A new characterisation method for rubber

Abstract

This paper deals with the mechanical characterisation of elastomeric materials. An original method is proposed to identity the material parameters. It consists of performing only one heterogeneous mechanical test, measuring the displacement/strain field using suitable Digital Image Correlation software and applying an inverse method, namely the Virtual Fields Method, to process the resulting displacement/strain maps. For this purpose, a new apparatus was designed to be adapted to a conventional tensile machine. This apparatus enables us to obtain simultaneously uniaxial tension, pure shear and equibiaxial tension, using only one sample. The heterogeneity of the kinematic fields induced by the test is first discussed in relation to two criteria. The main features of the identification method are then presented, and results provided by a test performed on an elastomeric material are discussed in the context of hyperelasticity.

Introduction

The behaviour of rubber-like materials is generally modelled in the framework of hyperelasticity. Numerous constitutive relations are available in the literature and have recently been compared in the work of Marckmann et al. [1]. However, the identification of the material parameters that govern the constitutive equations is still a difficult task. Classically, three homogeneous tests are considered to identify constitutive parameters, namely uniaxial tensile (UT), pure shear (PS) and equibiaxial tensile (ET) [2], [3], [4]. In practice, the constitutive parameters that are identified with these three types of test differ from one test to another. A trade-off between these three sets of values has to be found to obtain parameters which can be considered as intrinsic. This approach derives from the strong assumption of homogeneity of the kinematic fields induced by each test. Moreover, the sample geometry is different for each homogeneous test.

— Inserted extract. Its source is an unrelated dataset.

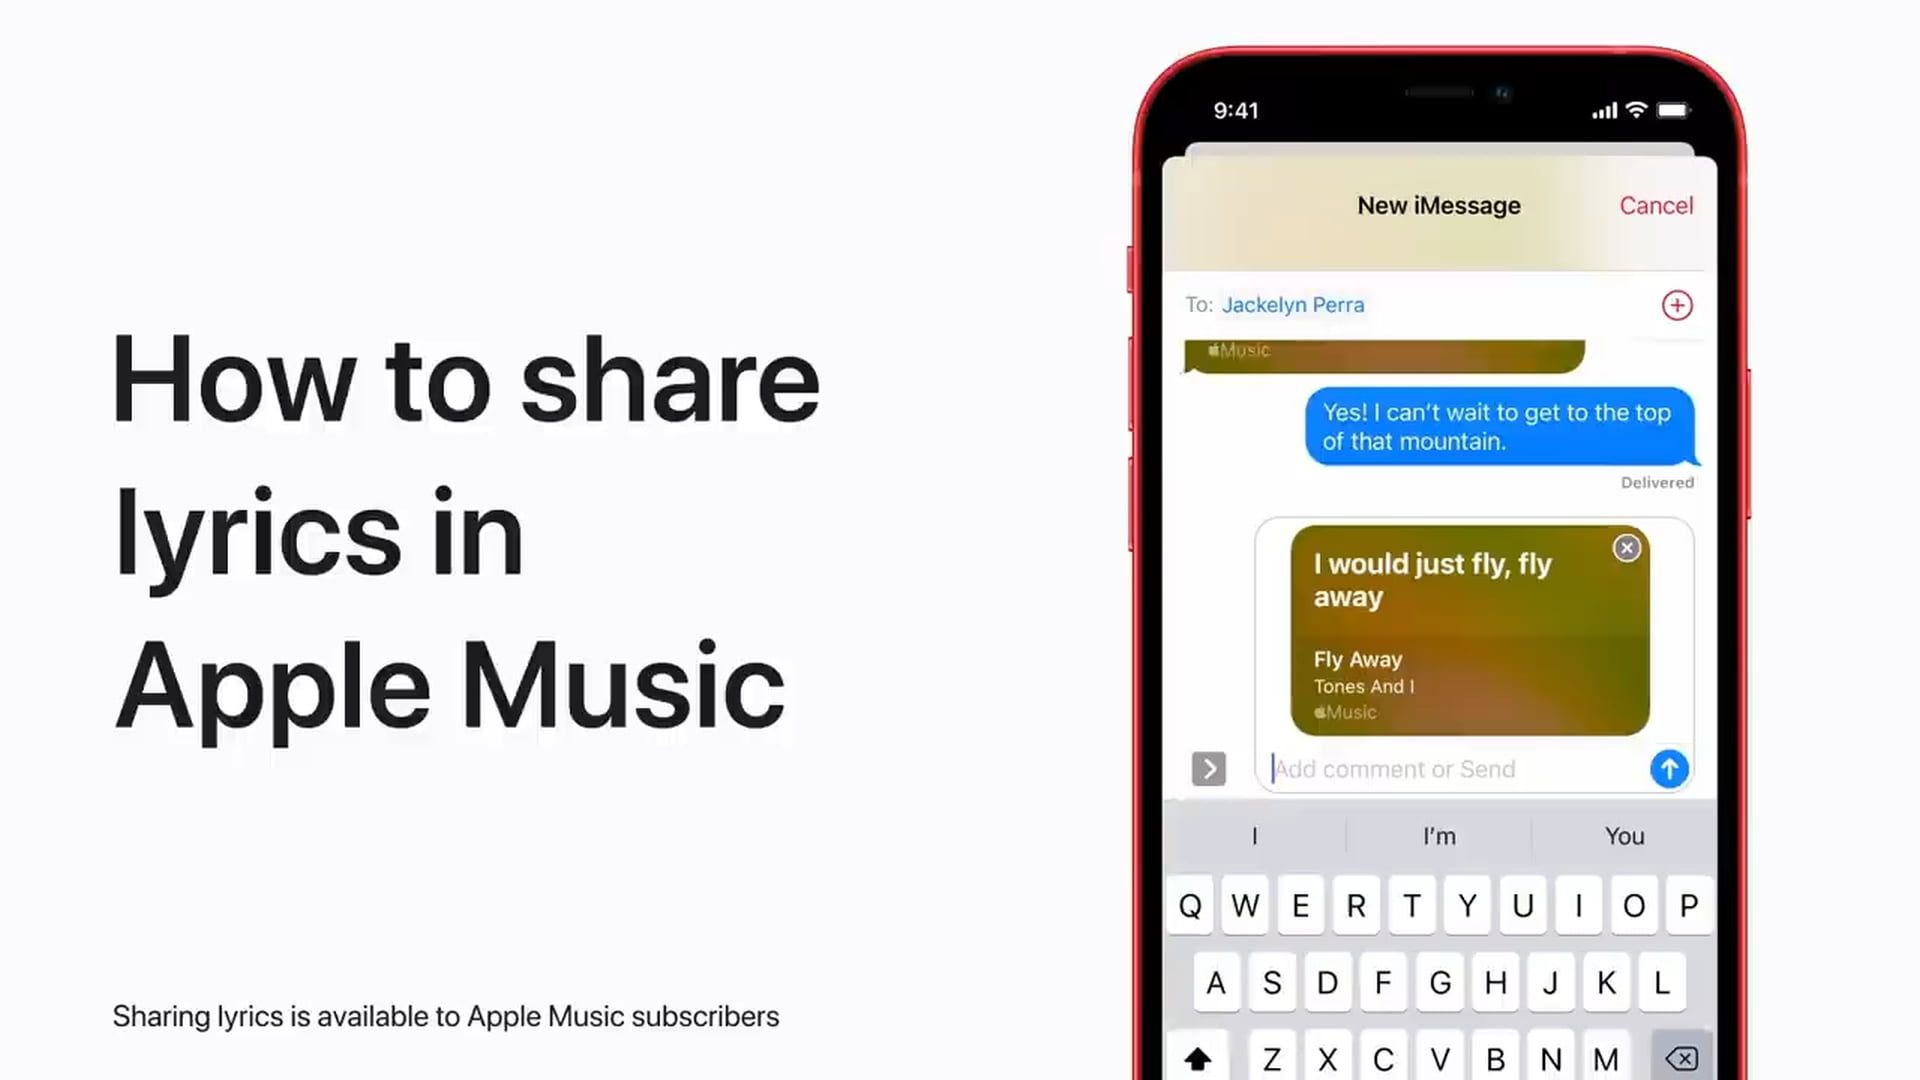 Poradnik Apple: Jak udostępniać teksty piosenek z Apple Music
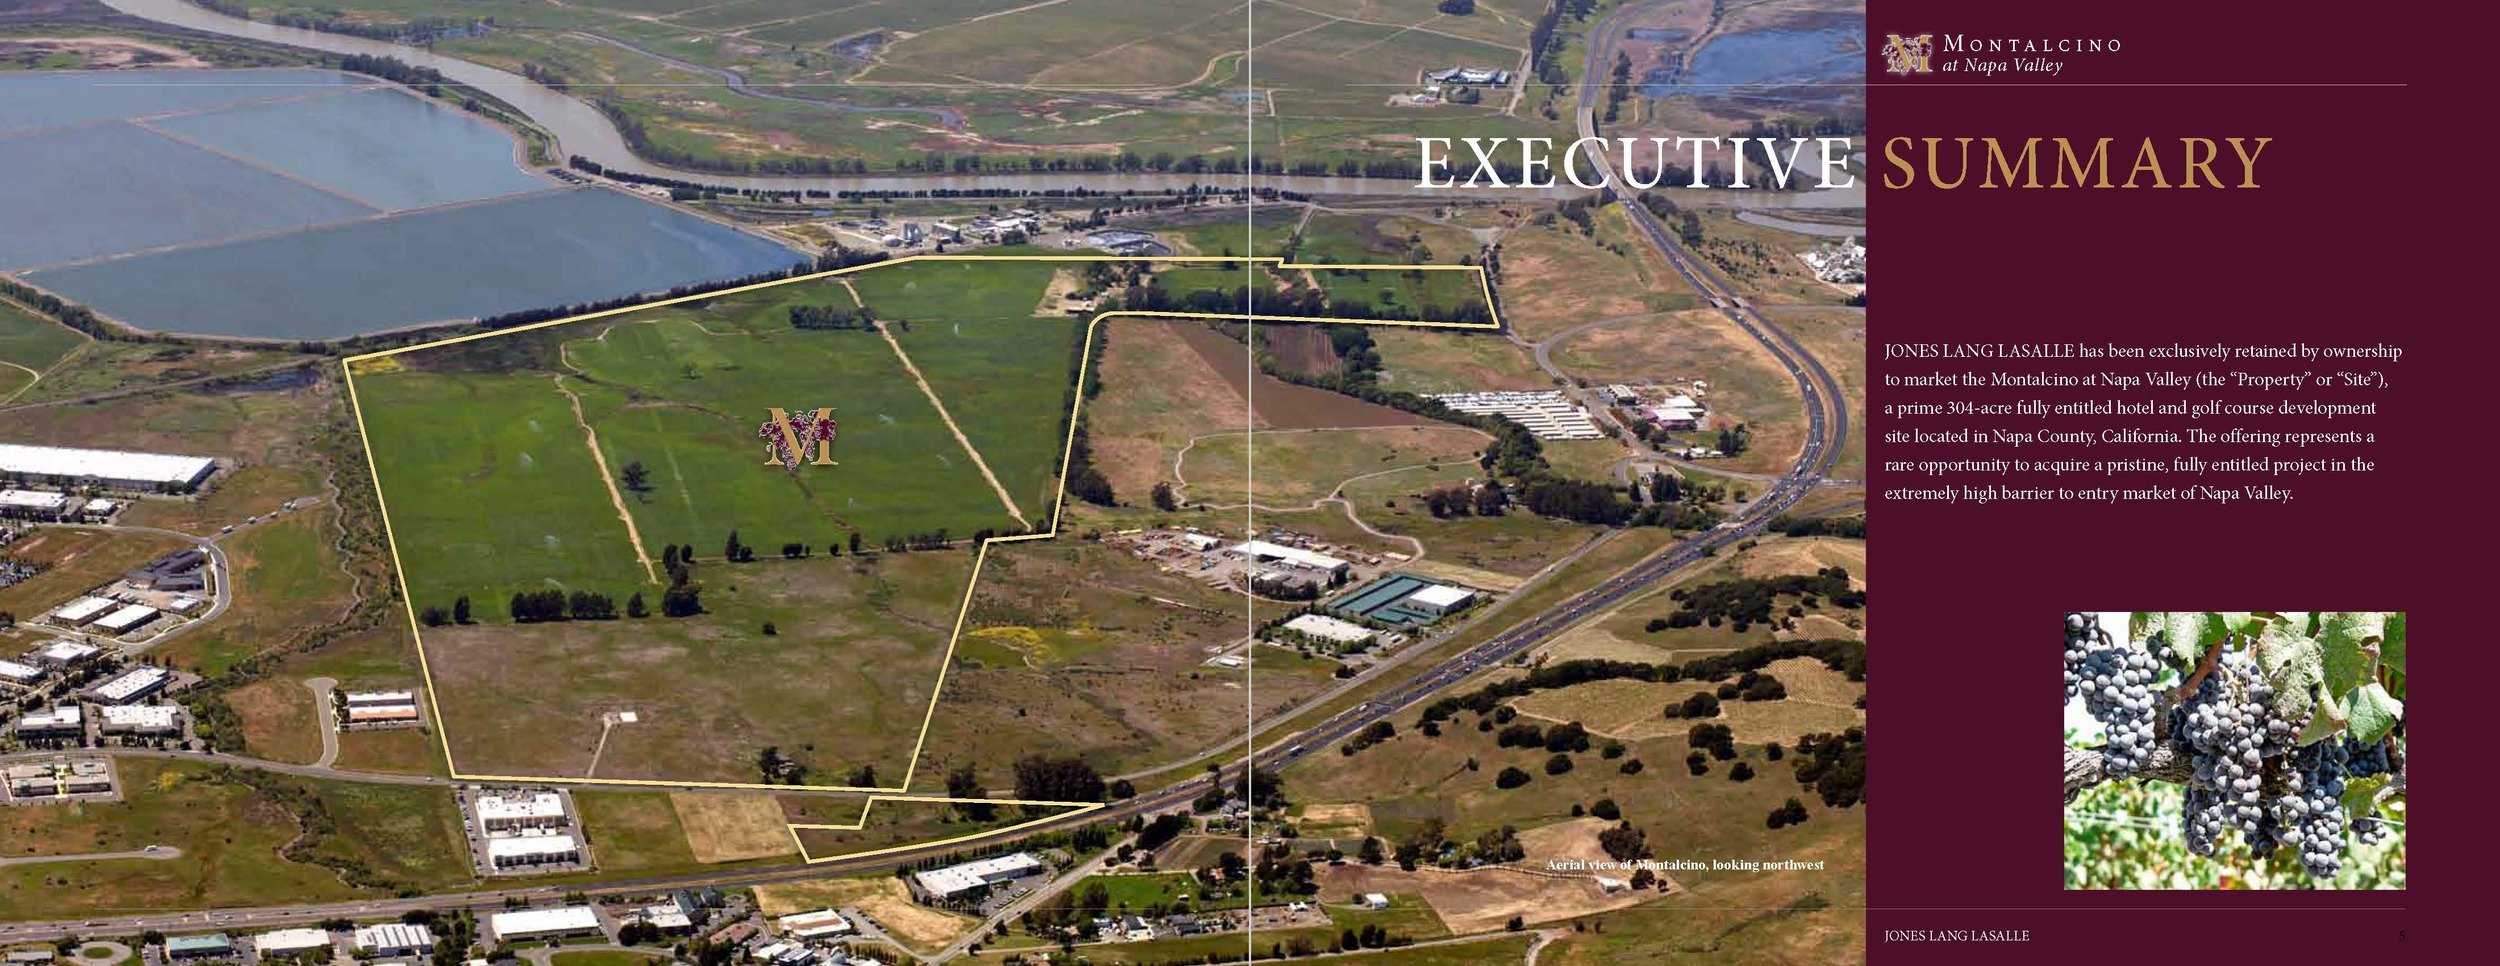 Napa Valley resort property offering from Jones Lang LaSalle.

In the present work, a new approach is developed. It consists of performing only one heterogeneous test, which simultaneously generates the three types of strain states mentioned above as well as the intermediary states. With regard to a recent study by the authors [5], the challenge here resides in using a conventional uniaxial tensile machine to generate a heterogeneous strain state. For this purpose, the sample geometry and loading conditions are defined beforehand by numerical investigations. To generate UT, PS and ET, a new apparatus was designed to be adapted to the uniaxial testing machine. Two specific criteria are defined to discuss the heterogeneity induced by the test. From an experimental point of view, kinematic fields are provided by a Digital Image Correlation (DIC) code suitable for large strains: CORRELI^LMT [6]. Finally, the constitutive parameters are identified using an inverse method, namely the Virtual Fields Method, which is extended to the case of finite deformations.